Мариенбад - Шолом Алейхем
Шрифт:
Интервал:
Закладка:
Но ты не думай, Хаим, что я пишу тебе в таком тоне потому, что мне досадно. Ты отлично знаешь, что я не похожа на мою сестру Ханцю, которая оплакивает свою молодость и проклинает себя. Я только хочу заметить тебе, что «лечение» в Мариенбаде не может быть успешным, если не слушают указаний врача, если играют по целым дням в карты и принимают близко к сердцу интересы чужих жен, за которыми нужно присматривать, чтобы они, не дай бог, не причинили себе вреда…

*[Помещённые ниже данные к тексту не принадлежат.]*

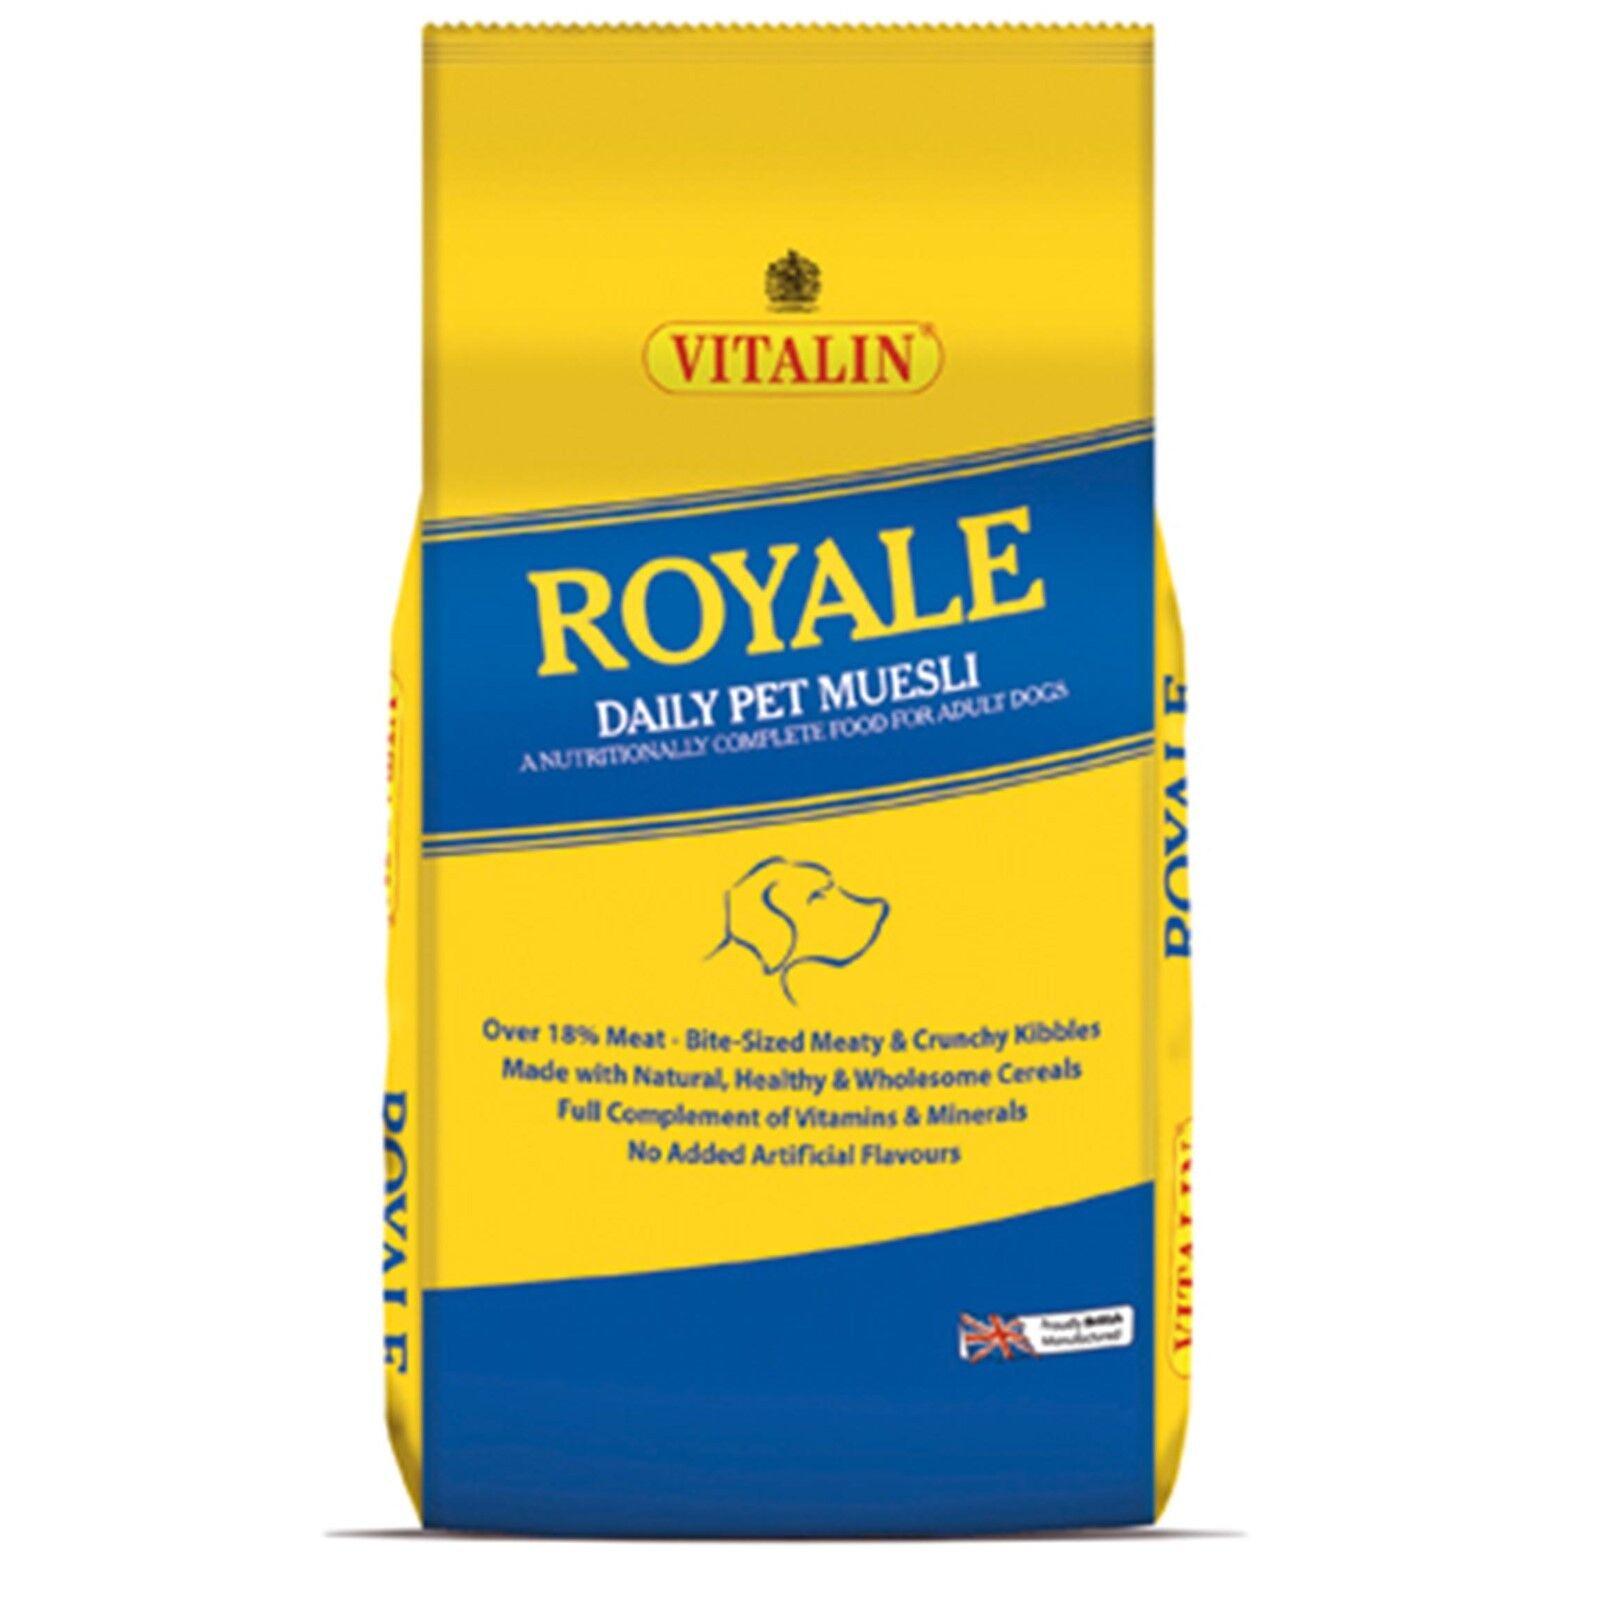 2 x 15kg (30kg) VITALIN ROYALE CRUNCHY MUESLI MIX - COMPLETE DRY MIXED DOG FOOD

Читая твои красноречивые и длинные письма, адресованные твоим «добрым друзьям», я вспомнила иные счастливые времена, которые, к сожалению, никогда больше не вернутся… Когда-то, помню, ты и мне писал длинные любовные и сердечные письма. Теперь ты так пишешь другим, а от меня отделываешься несколькими строчками либо молчишь по целым неделям. Но – молчу! Я совсем забыла, что тебе некогда. У тебя, у бедного, столько забот в этом «постылом» Мариенбаде, упаси и помилуй бог!..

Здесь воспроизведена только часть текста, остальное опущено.